6 comments

  • subhro 40 minutes ago
    As a pilot and a radio officer, I have always been able to process and service 2 audio streams simultaneously. So not surprised with this finding.
    • junon 35 minutes ago
      Perhaps a dumb question but are they center panned (or mono, i.e. talking over each other) or is it split left ear/right ear when they come through the headset?
      • subhro 16 minutes ago
        They are mono, but I was trying to say that with practice, you can process 2 independent audio streams simultaneously irrespective of whether they are mono or stereo. For example, I am able to keep track of 2 people talking at the same time. I obviously can't respond to both but can maintain independent contexts.
        • ndr 0 minutes ago
          I wonder if piano players find that easier too, compared to lay people.
      • sigmoid10 21 minutes ago
        Airplane radios are generally broadcasting and receiving mono. There are modern headsets that can also play stereo, but only for onboard music or intercom purposes, if the plane supports it. But in planes with 2 radios you can usually configure their I/O individually. So you can listen (and also talk, although that makes sense less often) on two frequencies at the same time.
  • t23414321 11 minutes ago
    Then it is known that if you play to someone with small delay what he says he will be lost on both - so he can't think about and listen to what he is saying if it's not one stream.
  • j45 5 minutes ago
    The DJ is explained.
  • runtime_lens 22 minutes ago
    This makes me wonder how much of paying attention is really prioritization rather than filtering everything else out. We probably process far more than we're consciously aware of.
    • Lomlioto 14 minutes ago
      I def process more than I want.

      Its def a spectrum.

      In the easiest look at people like me who complain very quick if something is wrong like to warm to cold to sweaty etc. and others not even ackknowliding it at all

    • noelwelsh 18 minutes ago
      Absolutely. Take a look at "unconscious perception".
  • awestroke 47 minutes ago
    This is maybe only tangentially relevant to the linked study, but I've noticed I can read aloud from a book on autopilot while thinking about other things or even thinking back on past conversations. I could not do this a few years ago, but now it happens on its own. I wonder how that relates to attention and speech streams
    • m12k 39 minutes ago
      I experienced this too, when I started reading out loud more.
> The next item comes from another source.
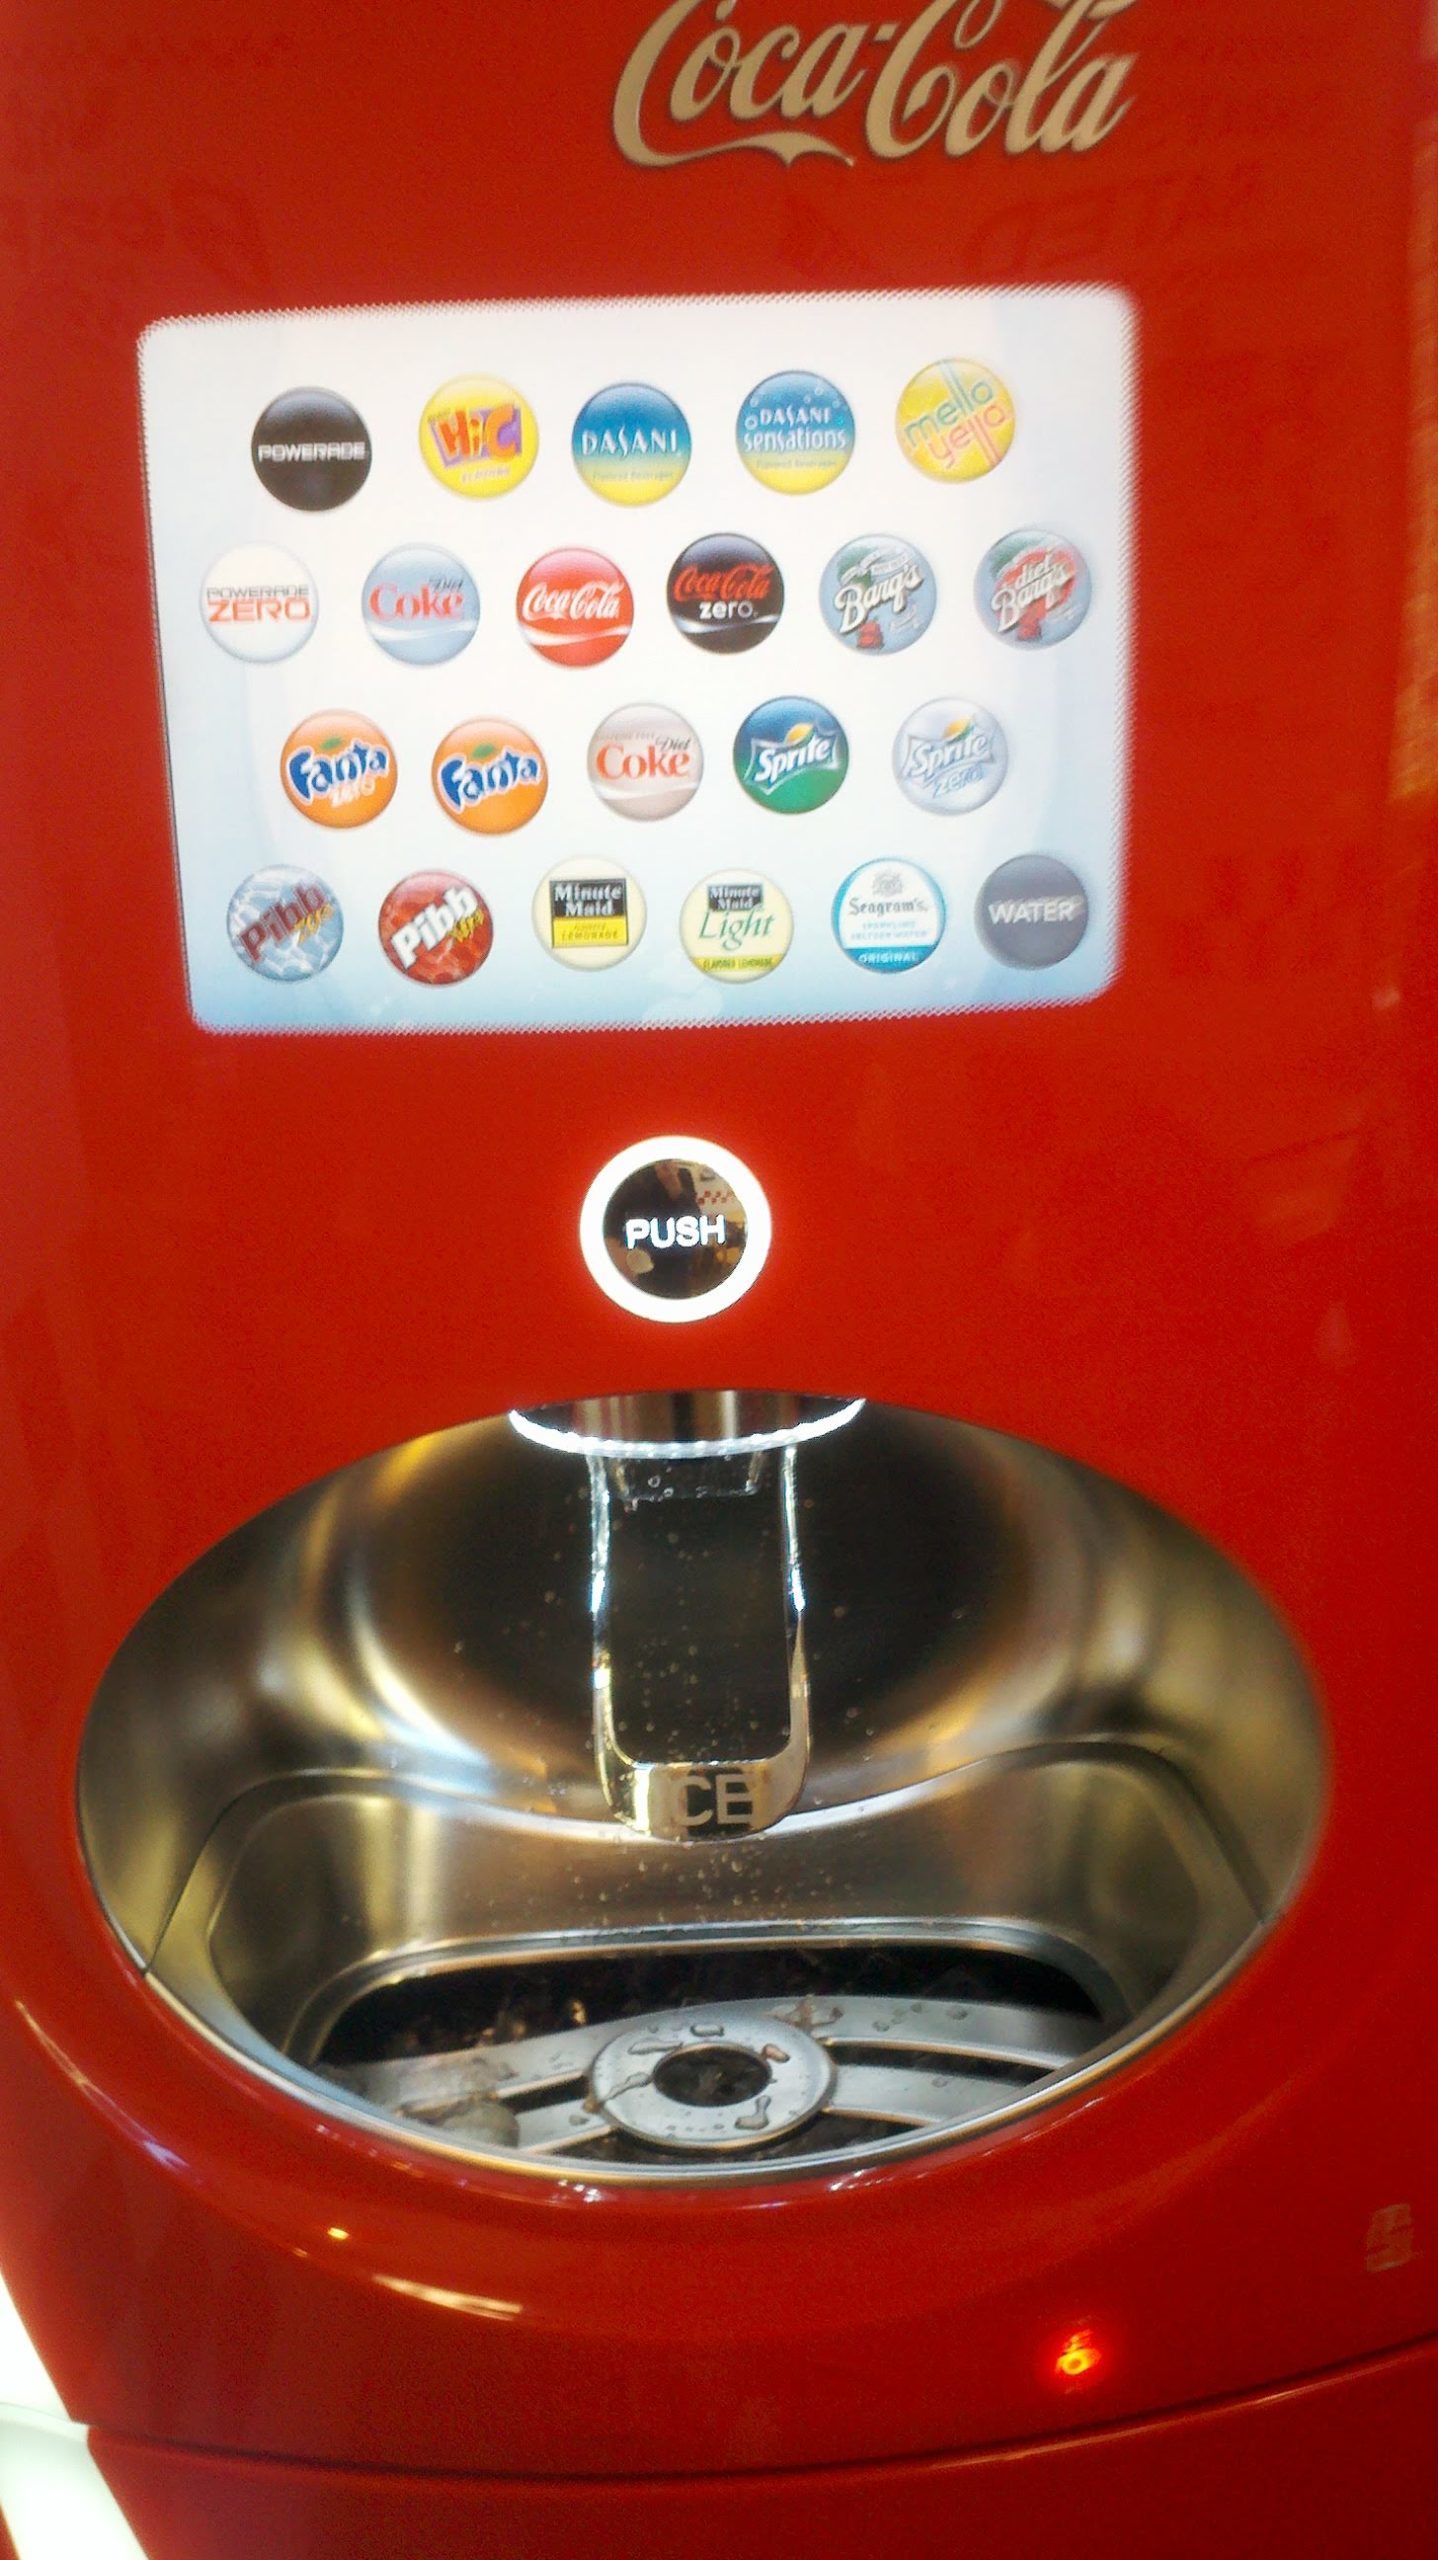 Image of the "freestyle" Coca-Cola drink machines.

At first, it was just that my eyes would scan ahead a bit from what I was saying, to help me get the right emphasis by knowing where the sentence was going. It felt like I had "handed off" saying the words out loud to a "subroutine", so my attention could be on what I was reading. Then that "readahead" extended to a whole sentence. And at that point it was like I was so far ahead of what I was saying that I had time to think about it a bit. And then at some point it was like the "reading the words" part got handed off to a "subroutine" too, so my attention could mostly stay on whatever I was thinking
    • baxtr 14 minutes ago
      Sometimes I read a book out loud and think about something completely different.
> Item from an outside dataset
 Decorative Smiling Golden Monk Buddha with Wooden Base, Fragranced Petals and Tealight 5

      I wonder if reading aloud might be like walking. I can be walking and speaking to a person at the same time.

    • surfsvammel 24 minutes ago
      This is something that has been studied and is apparently more common when reading out loud. I have this as well. I can read to my kids and at the same time plan the upcoming day. Pretty neat!
    • runtime_lens 20 minutes ago
      [dead]
  • skor 1 hour ago
    parents tend to yell at the same time and it needs simultaneous processing
    • eurekin 48 minutes ago
      Also explains why we like music with two simultaneous distinct sections (bass + the rest). One without the other doesn't feel as complete
      • junon 22 minutes ago
        This is a completely different phenomenon. Your ear/brain are tuned to rhythmic beats in the lower frequencies (footsteps). We're better at pattern recognition with the lower frequencies.
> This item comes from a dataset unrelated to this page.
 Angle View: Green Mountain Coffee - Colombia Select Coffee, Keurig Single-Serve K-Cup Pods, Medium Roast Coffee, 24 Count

        Also, our brains will encode the differences in registers to evoke emotion differently, which is often used by horror films to make a scene scarier[0]. Evolutionarily this is probably to detect screams or babies crying, a rustling bush, etc.

        Speech encoding, at least per this article, has little to do with that. We don't have music encoding so much as we have pattern recognition, instinctual emotional respond to sound, etc.

        Another great video about how music is perceived in animals is [1], just while we're on the topic.